LOUISVILLE, Ky. (WDRB) -- It was good television. The Speedway Classic gave FOX a made-for-TV spectacle: bold visuals, roaring crowd, novelty with horsepower.
The concept sounded simple enough. Drop a baseball diamond into the middle of Bristol Motor Speedway. Wrap it in spectacle. Welcome a record-setting crowd. Let the moment do the rest.
And for a while, the moment delivered.
Players were driven around the track in pickup trucks. Pit crews changed tires on cars emblazoned with team logos. Starting lineups were introduced under billowing flags. Tim McGraw and Pitbull performed. Johnny Bench, Chipper Jones, Kyle Busch and Chase Elliott all threw ceremonial first pitches. A stirring national anthem ended with a flyover from F/A-18s.
It was everything MLB had dreamed — right up until they yelled "Play Ball."
The skies opened. The Reds and Braves hadn't even started when the downpour became a two-hour-plus delay.
Even before that, cracks were showing off camera.
Concession lines were painfully long and began running out of food before the game even began. Social media filled with reports of hot dogs with no buns, nachos with no cheese — and eventually, no beer. The MLB-designed Fan Fest turned into a muddy, crowded mess. Speedway Classic merchandise sold out with people still in line.
One fan on X dubbed it the Fyre Fest of baseball. Ouch.
On screen, it was soggy. FOX's game crew and studio hosts scrambled to fill airtime.
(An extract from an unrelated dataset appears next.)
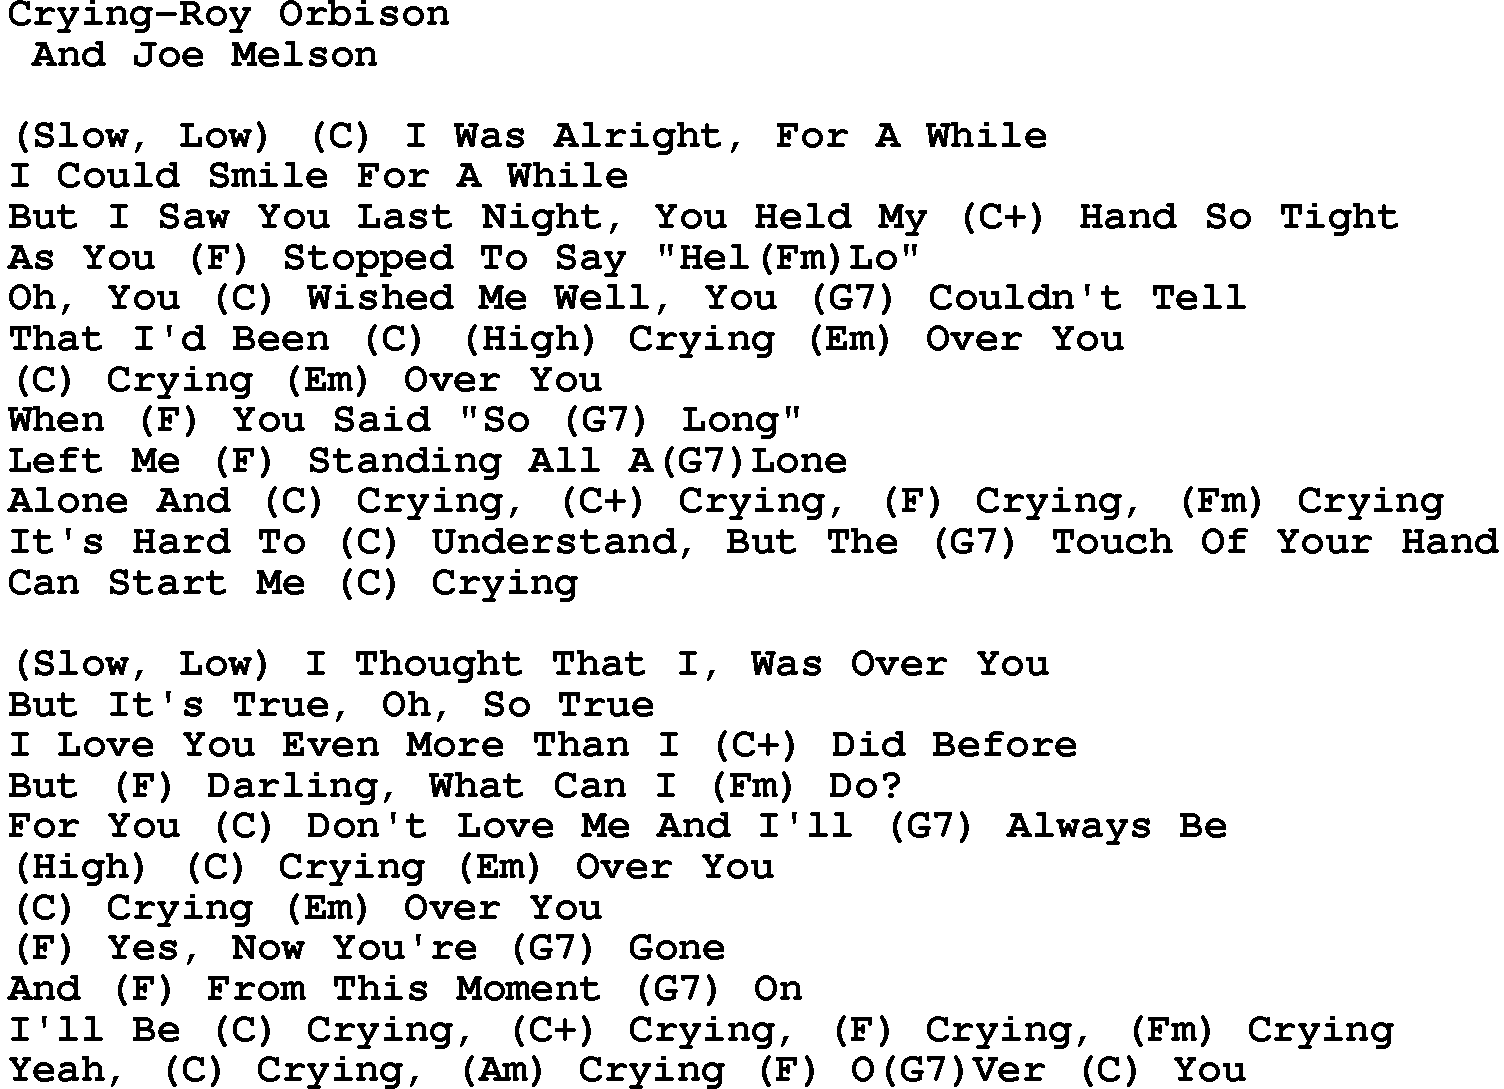 Country music song: Crying-Roy Orbison lyrics and chords

When the game was finally postponed after less than one inning, the four-man desk wasn't even told — they were still discussing the possibility of play, even while a massive video board behind them announced the postponement.
About half the crowd showed back up when play resumed Sunday.
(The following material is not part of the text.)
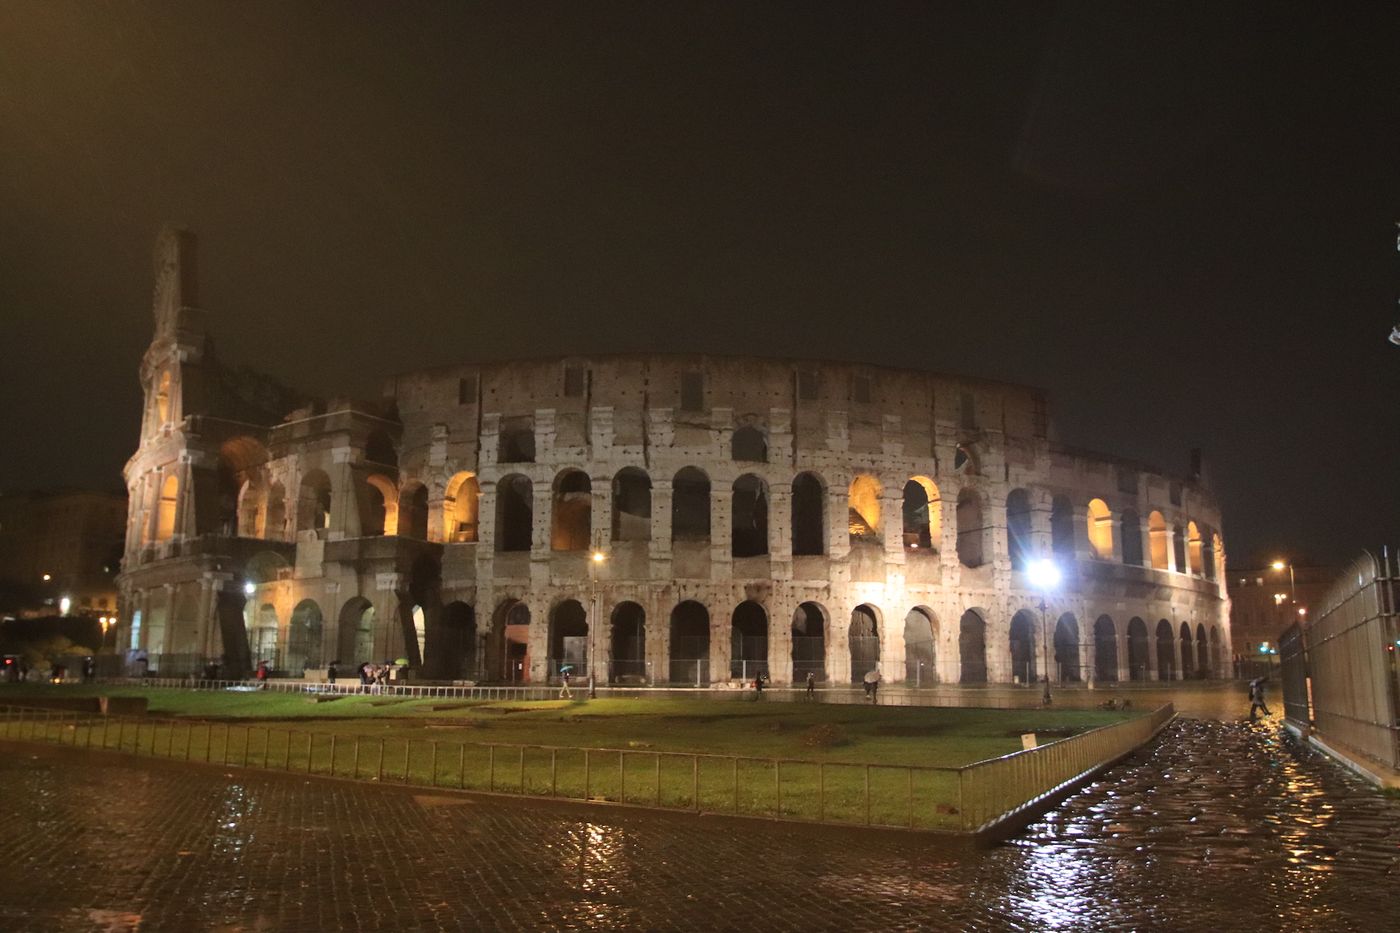 The Colosseum in Rome, Italy / Credit: Carmen Leitch

So what did we learn in sports last week?
Something Dwight Eisenhower said during World War II:
"Plans are worthless, but planning is everything."
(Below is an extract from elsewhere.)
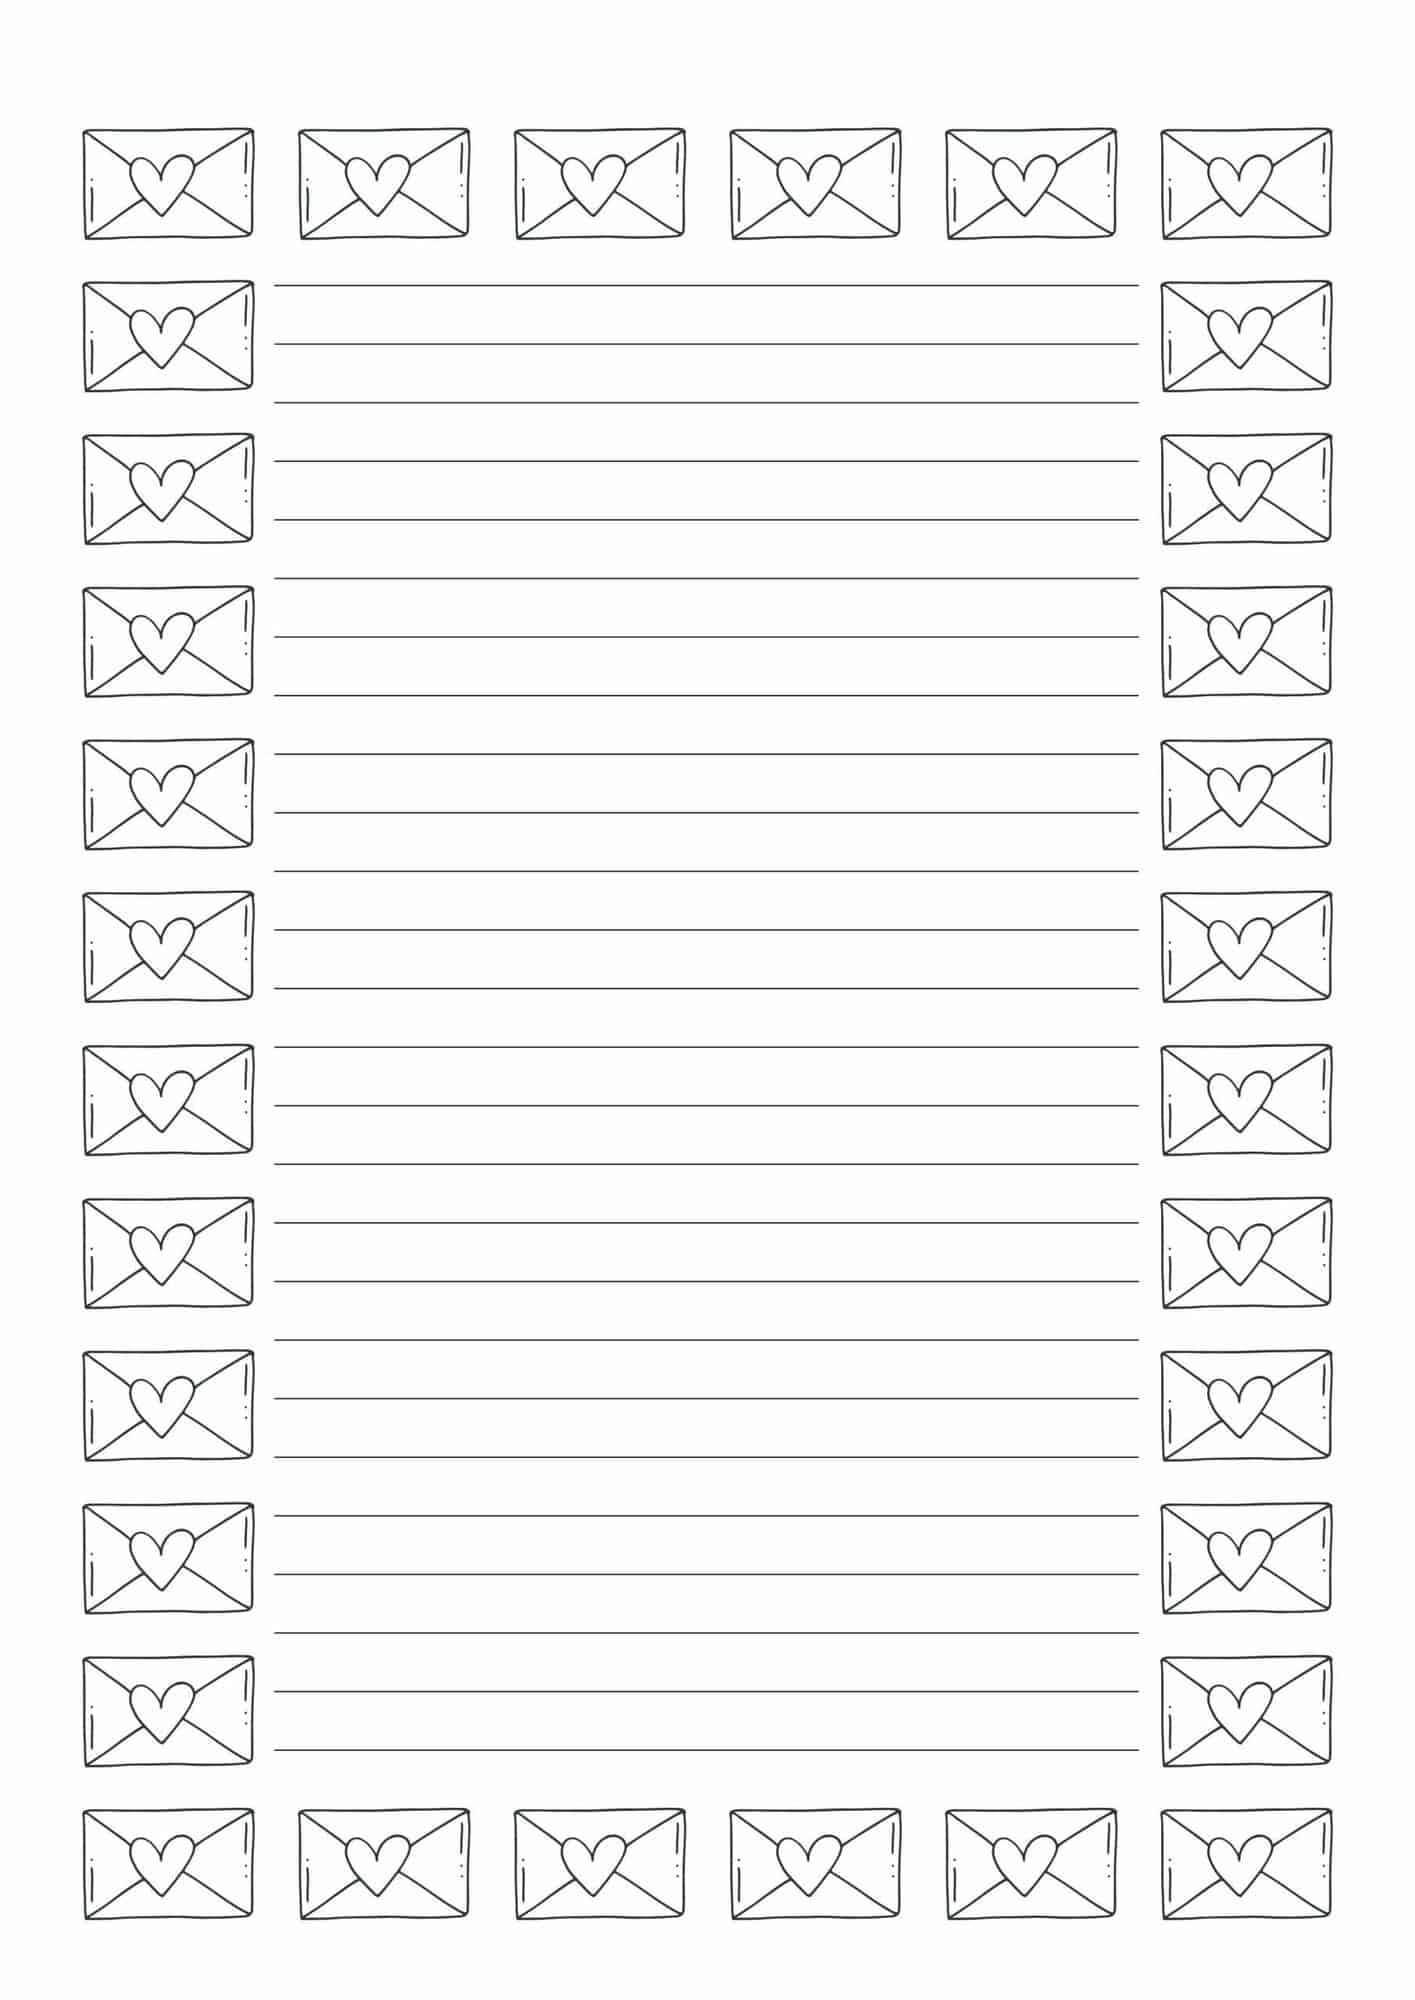 Cute lined paper printable template with envelope hearts border.

Eisenhower knew no military plan ever survived first contact with the enemy. But he also knew that the act of planning — thinking through contingencies, preparing for disruption — was what allowed you to adapt when things inevitably went sideways.
MLB didn't plan for sideways.
You wonder how an organization that could stage such an elaborate TV spectacle could so badly miss the mark for the people who actually showed up. It's a modern mistake — building something for the image, not the experience. Too often, the priority is how it looks to the world, not how it feels to the people who helped make it real.
That's the lesson: Prepare to succeed. But be ready for the storm. The flat tire. The traffic jam. The plan you didn't want to need.
That's not just Eisenhower. It's Greek philosopher Seneca, too:
"Cling tooth and nail to the following rule: Not to give into adversity, not to trust prosperity, and always take full note of fortune's habit of behaving just as she pleases."
Quick Sips
- The Floyds Knobs U12 Little League softball team opens its Little League World Series run Monday morning on ESPN+. It's their first trip to the event since 2017. Read the preview here.
- Louisville wideout Caullin Lacy is back. After sitting out the second half of last season to recover from injury, he's got something to prove. My Sunday feature is here.
The Last Drop
"Nearly all the best things that have come to me in life have been unexpected, unplanned by me."